Ook Maria was erbij, in die ‘verblijfplaats’. Ook aan haar konden de apostelen zich optrekken! Zij was immers steeds aanwezig in Jezus’ leven. Zij verwees telkens naar Hem, in stilte, alles overwegend in haar hart.

Met andere woorden, alhoewel de leerlingen vaak terug hadden gezien na zijn Verrijzenis, waren ze nog in eens soort ‘belokenheid’. De luiken van hun geloofsschat waren nog niet open gegooid. Alles hielden ze vast en hadden angst, vrees en schrik om te doen wat Jezus van hen verlangde: Zij moesten nog duidelijk hun ‘zending’ activeren. Daartoe zou een ‘Helper’, Gods Geest hen bijstaan. Het zou wel nodig zijn, zo leert ons de Kerkgeschiedenis en het heden. Ze hebben moed en ‘vuur’ nodig van hierboven. Het zou hen immers ook vaak hun leven en ander leed kosten.

Met andere woorden, Jezus’ verschijnen in hun verblijfruimte was in de avond. Toevallige notitie? Helemaal niet. Ze waren in de avond van hun eerst geloofsmoment. Ze voelden diep in hun ziel de grootsheid van Gods liefde. Ze voelden rondom zich de kilte van het ongeloof of eerder, een gelatenheid en een inhoudsloze kuieren doorheen een wereld die slechts tijdelijkheid en oogverblinding kan bieden. Ook al lijkt het werelds soms groots, het blijft beperkt in tijd en inhoud. Een verscheurende keuze voor elke Christen!

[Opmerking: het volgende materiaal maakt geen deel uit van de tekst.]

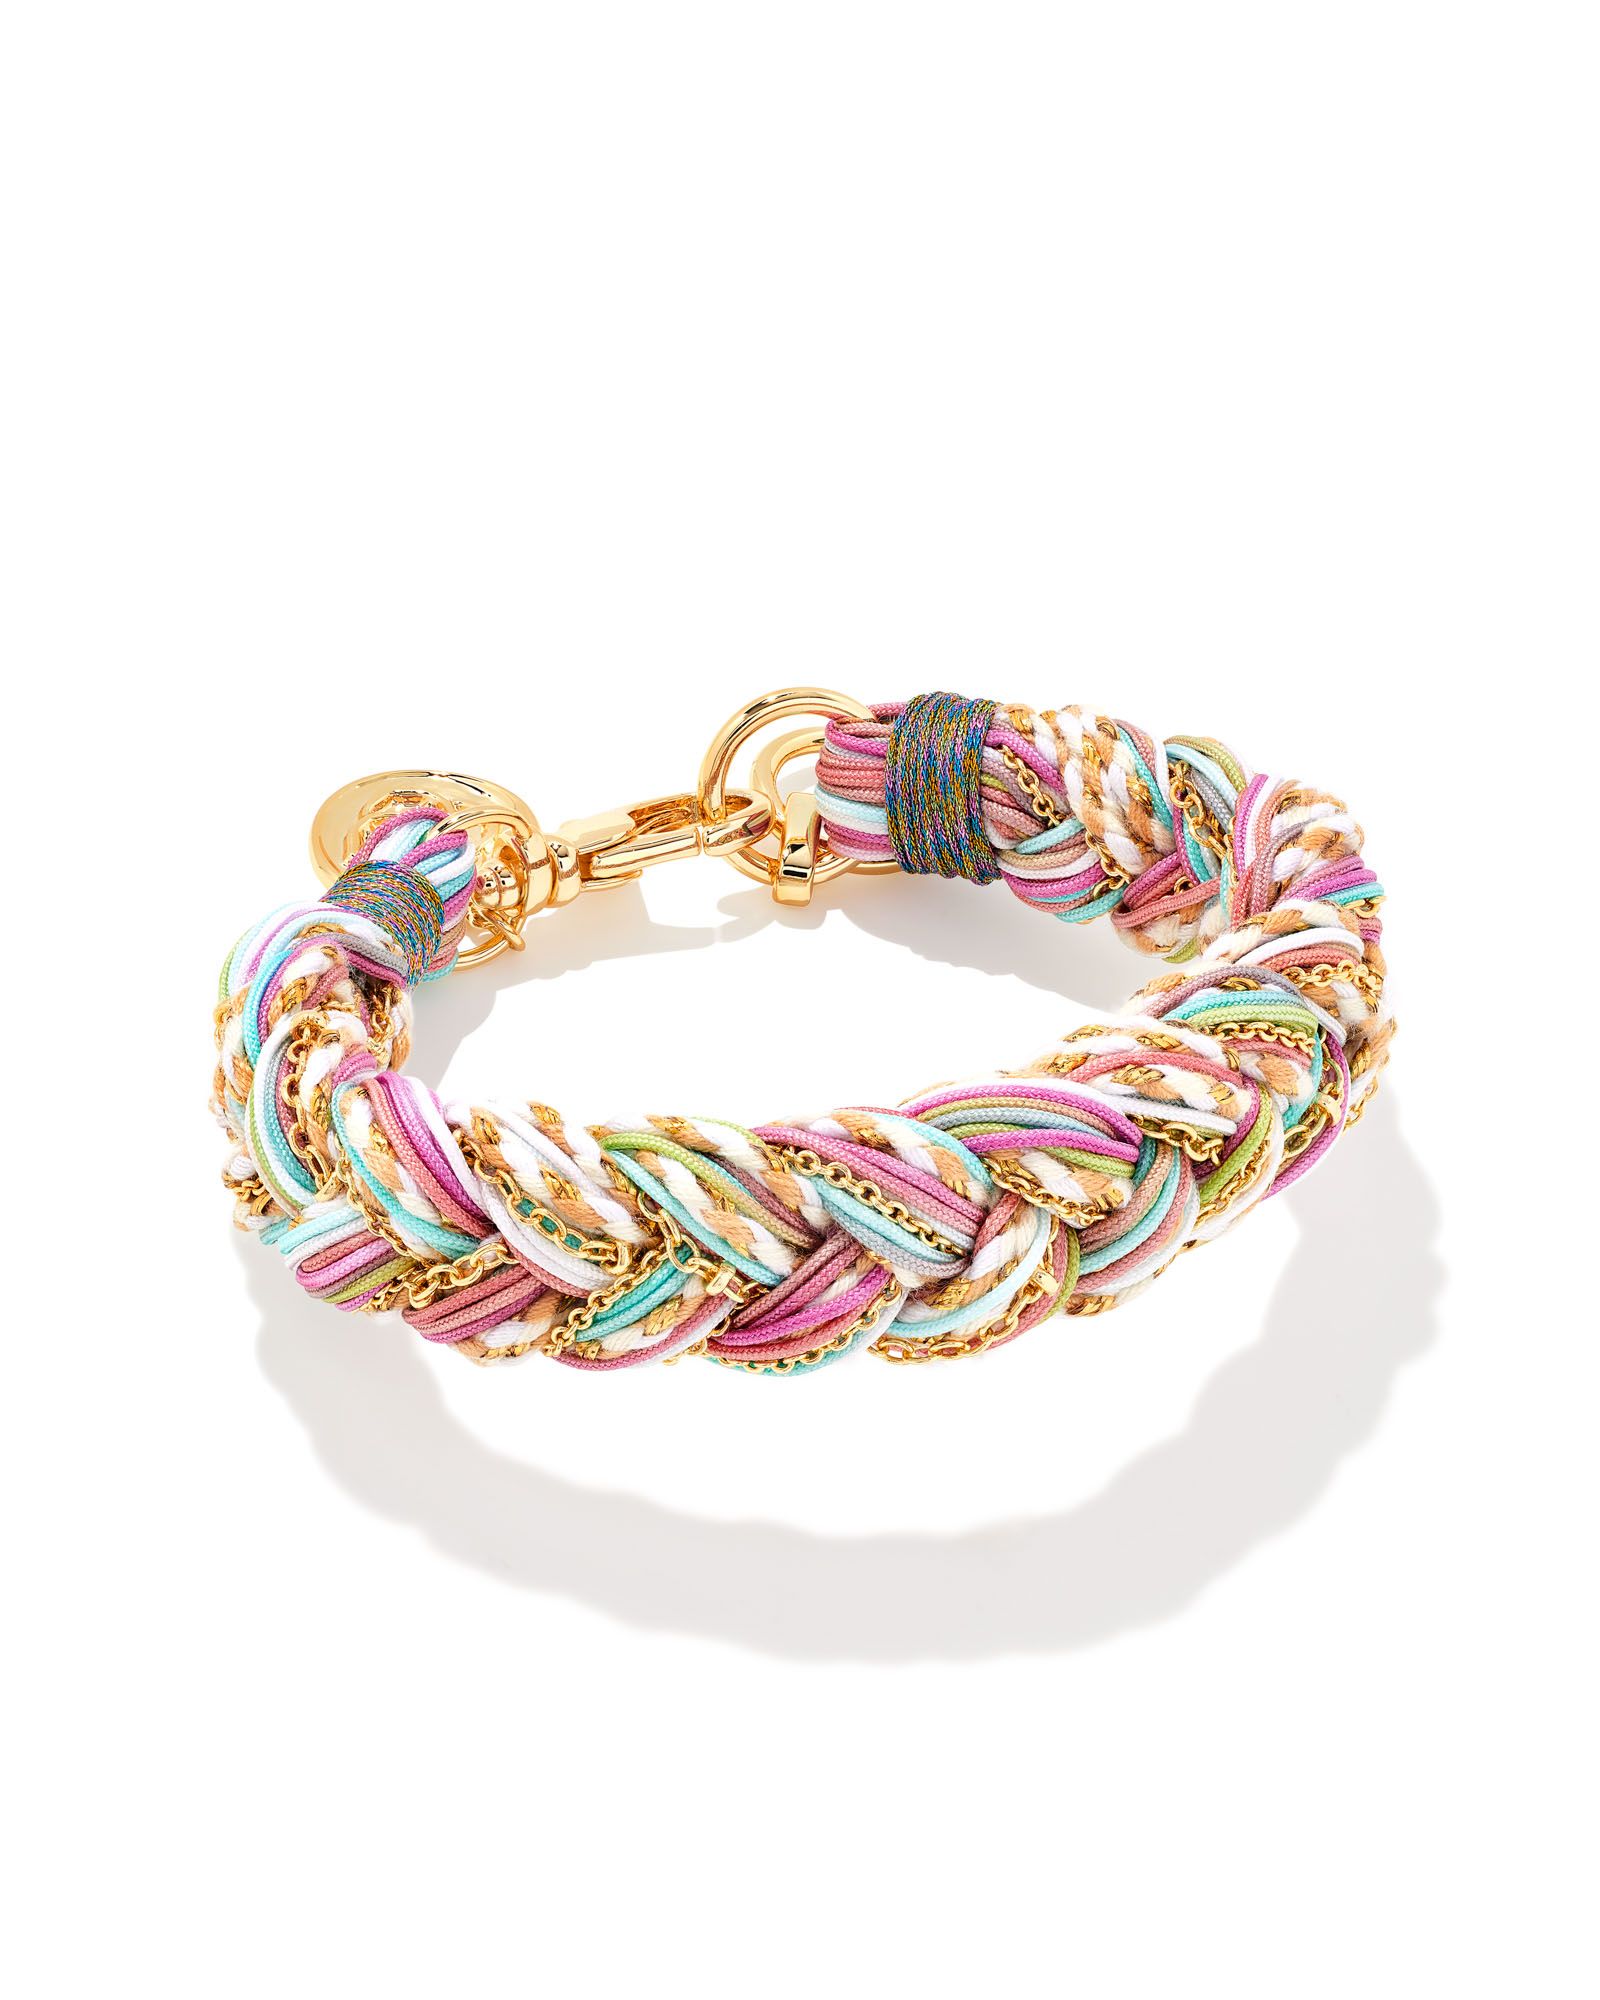 Masie Gold Corded Friendship Bracelet in Pastel Mix | Kendra Scott

Het Evangelie van vandaag plaatst ook elk van ons in die ‘verblijfplaats’. Johannes verwoordde het heel raak. Ze waren opgesloten of hadden zichzelf opgesloten of laten opsluiten omwille van de buitenwereld. De leerlingen hadden vrees voor de Joden. Geen anti-semitische wending, maar het ging om een houding van het niet – open – staan voor het geschenk van God. Ja, het is immers zo dat wat God ons alles schenkt ook wijzelf niet steeds merken of willen zien. Dan staan wij buiten de ‘verblijfplaats’ en staan we huiverachtig om naar buiten te komen voor de waarheid. Het woord is gevallen, de ‘waarheid’. Dat hebben wij ook gehoord bij de veroordeling van Christus… “Wat is waarheid?” Zei Jezus niet “Ik ben de Waarheid en het Leven…”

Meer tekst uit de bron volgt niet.